> _INFORMATION SHOWN_:
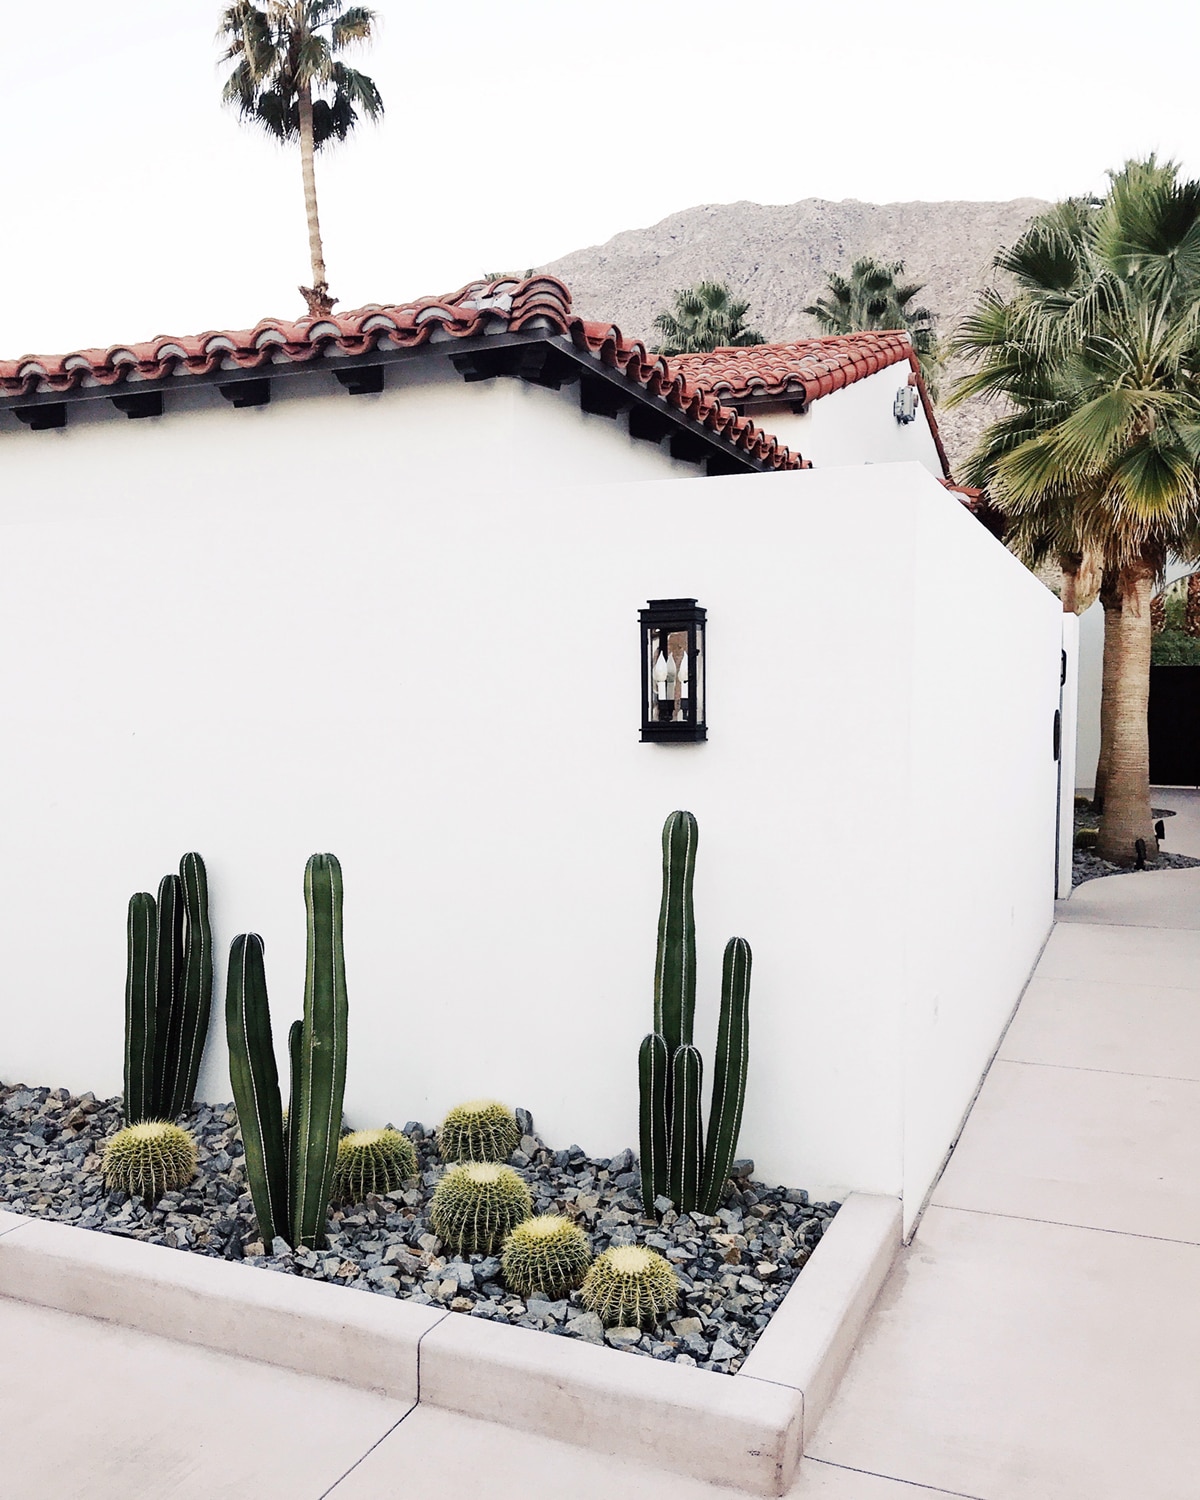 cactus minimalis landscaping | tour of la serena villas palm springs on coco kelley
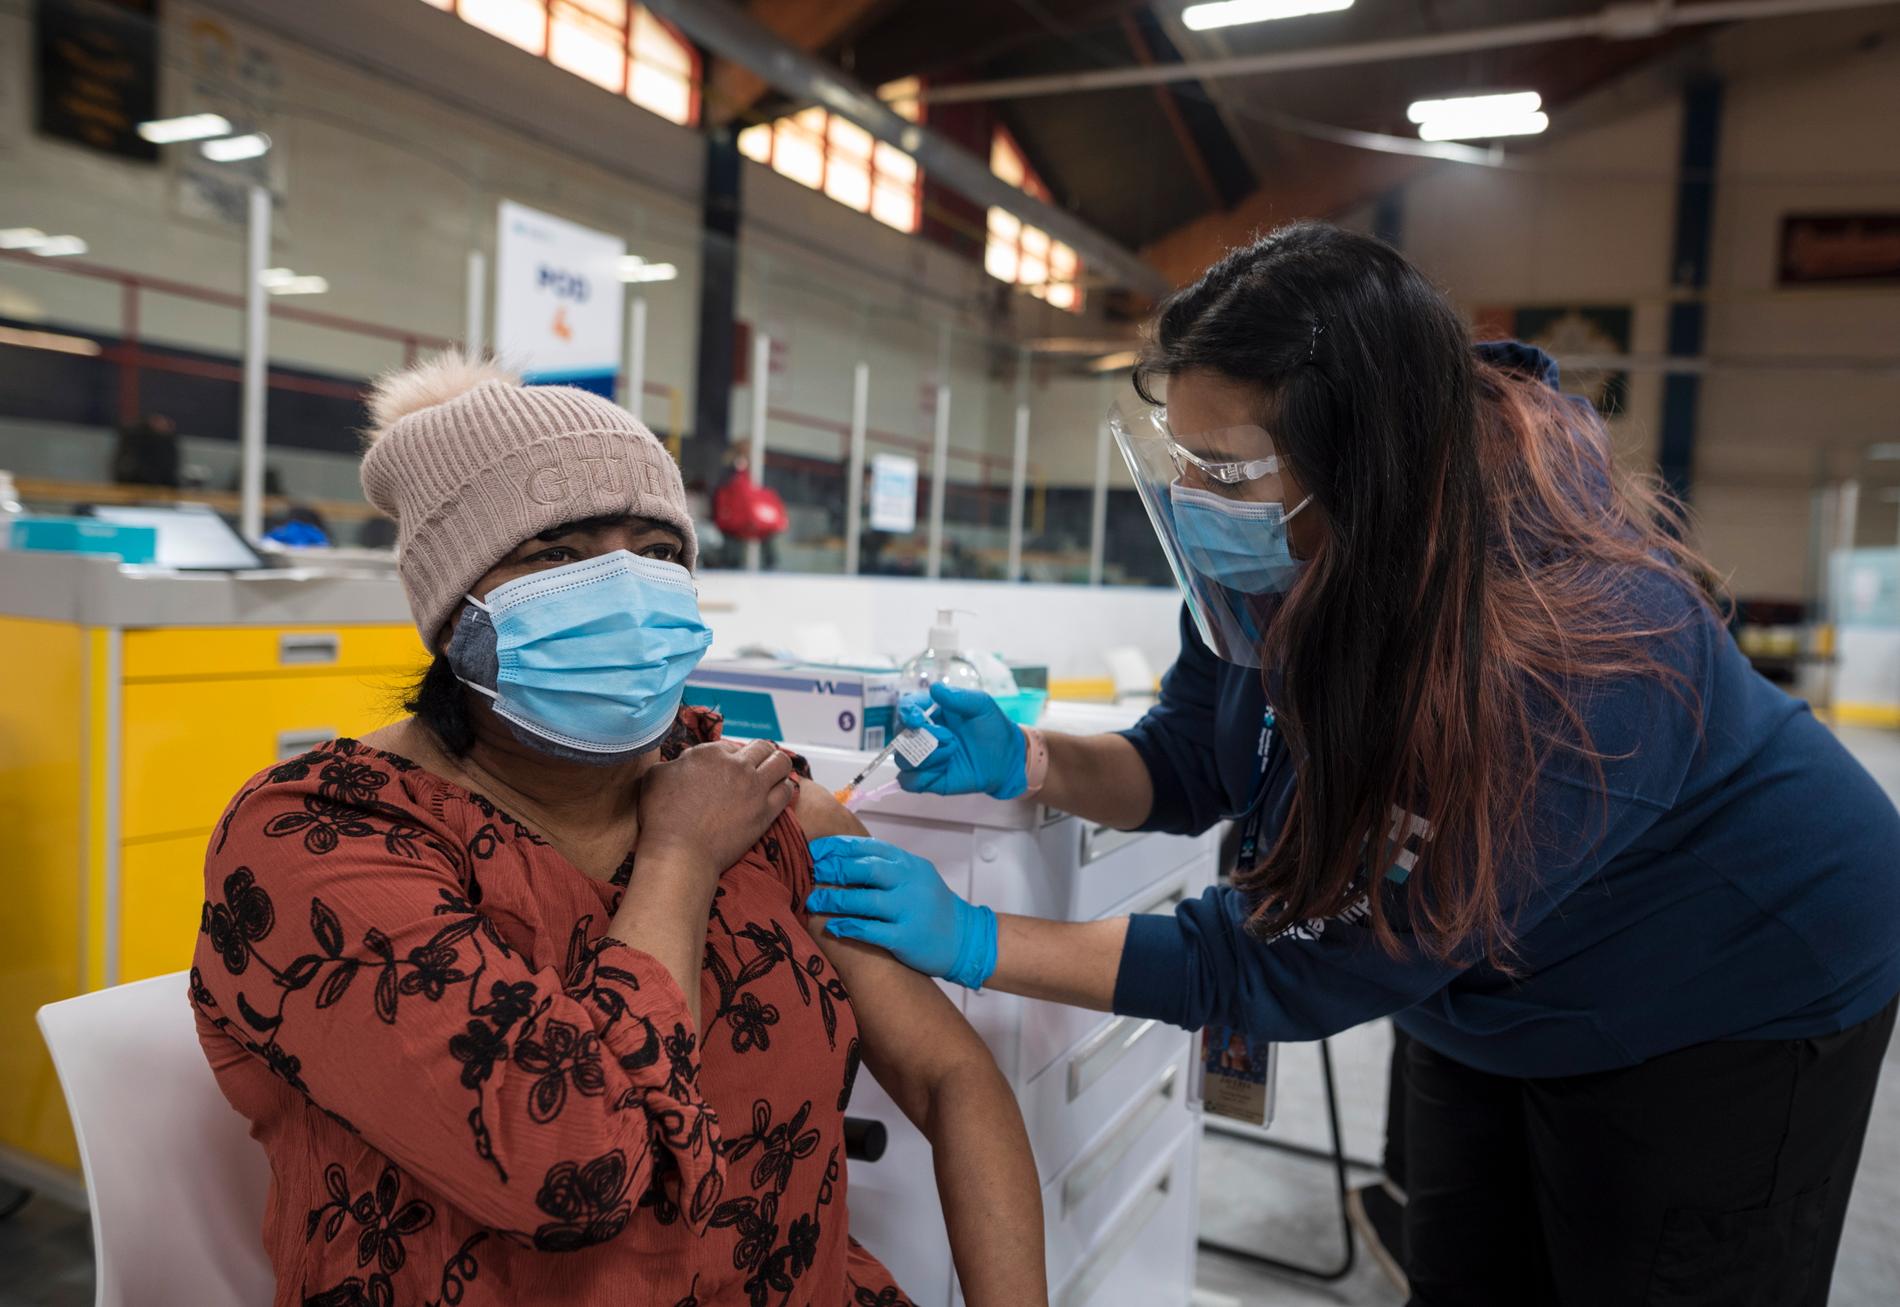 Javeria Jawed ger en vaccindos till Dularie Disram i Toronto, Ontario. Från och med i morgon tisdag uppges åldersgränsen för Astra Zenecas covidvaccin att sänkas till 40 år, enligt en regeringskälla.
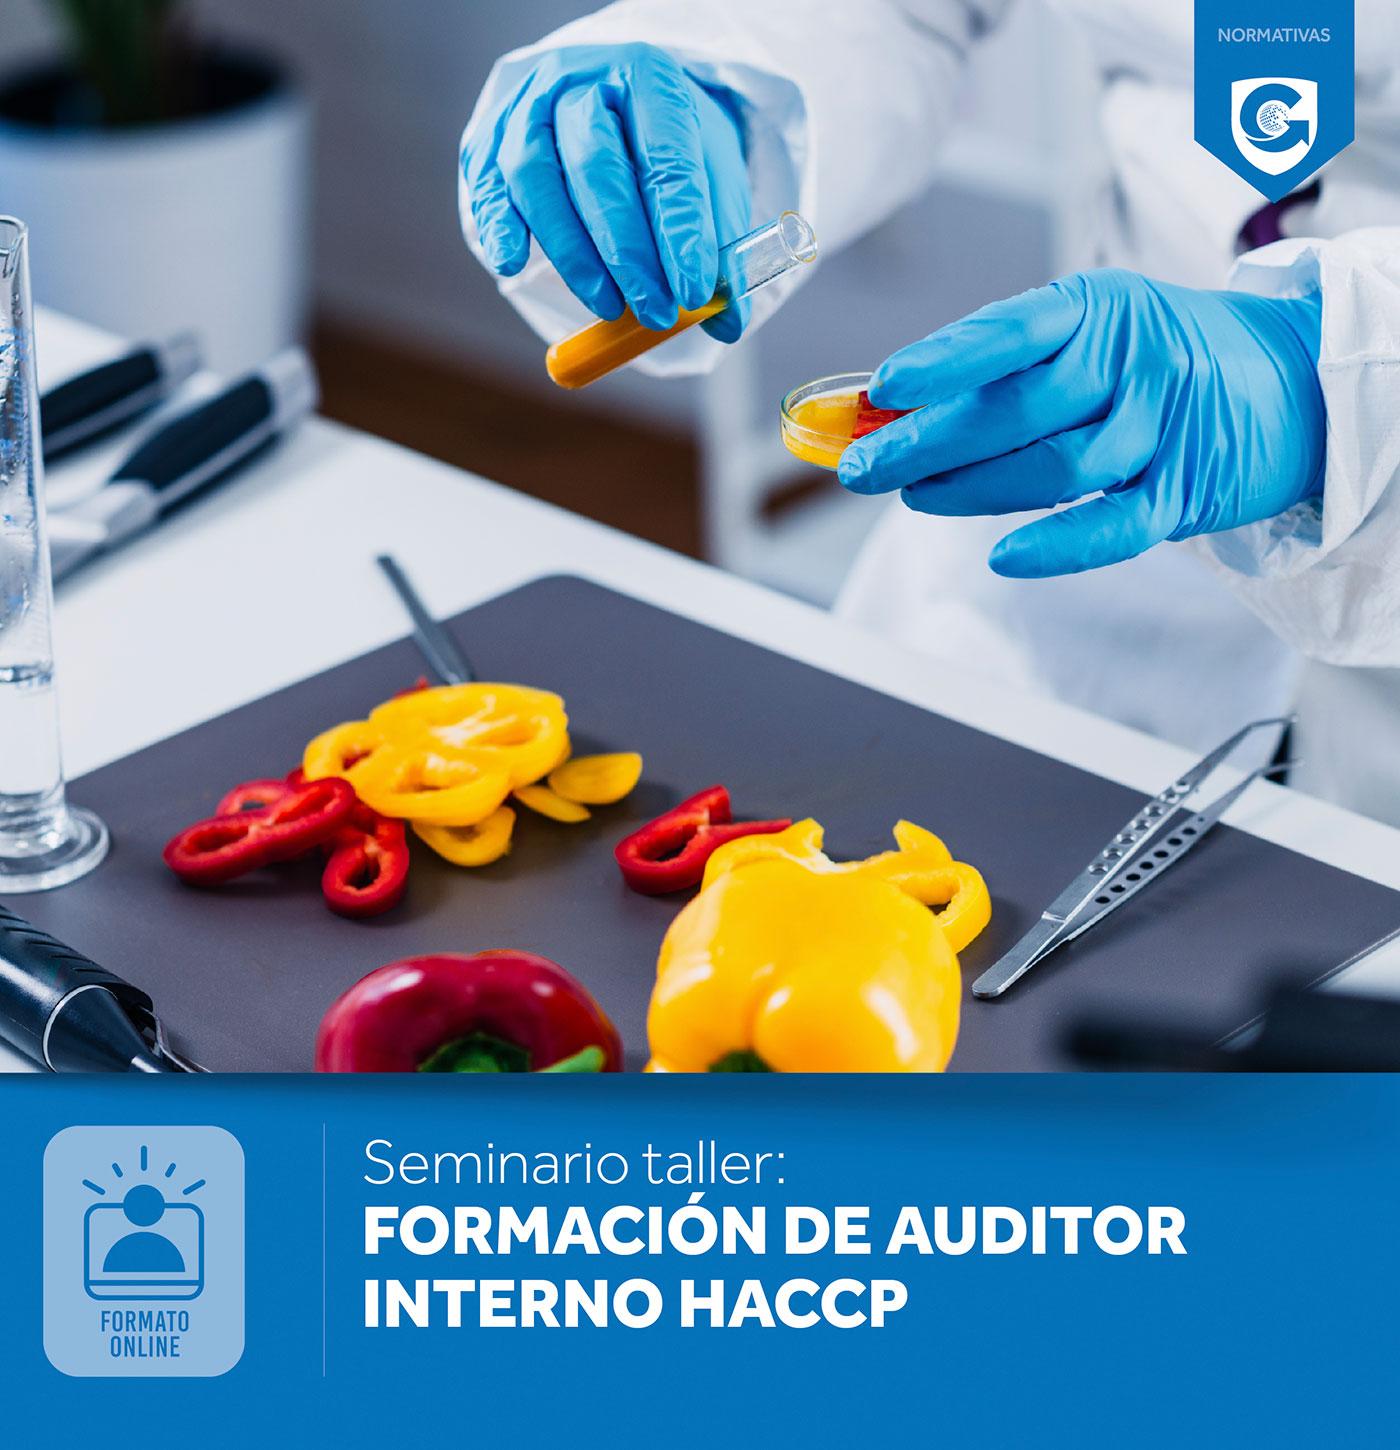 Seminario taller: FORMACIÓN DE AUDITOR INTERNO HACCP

> _TASK REQUIREMENTS_:
Set down the material above as is, without any pictures.

> _WRITTEN SOLUTION_:
 cactus minimalis landscaping | tour of la serena villas palm springs on coco kelley
 Javeria Jawed ger en vaccindos till Dularie Disram i Toronto, Ontario. Från och med i morgon tisdag uppges åldersgränsen för Astra Zenecas covidvaccin att sänkas till 40 år, enligt en regeringskälla.
 Seminario taller: FORMACIÓN DE AUDITOR INTERNO HACCP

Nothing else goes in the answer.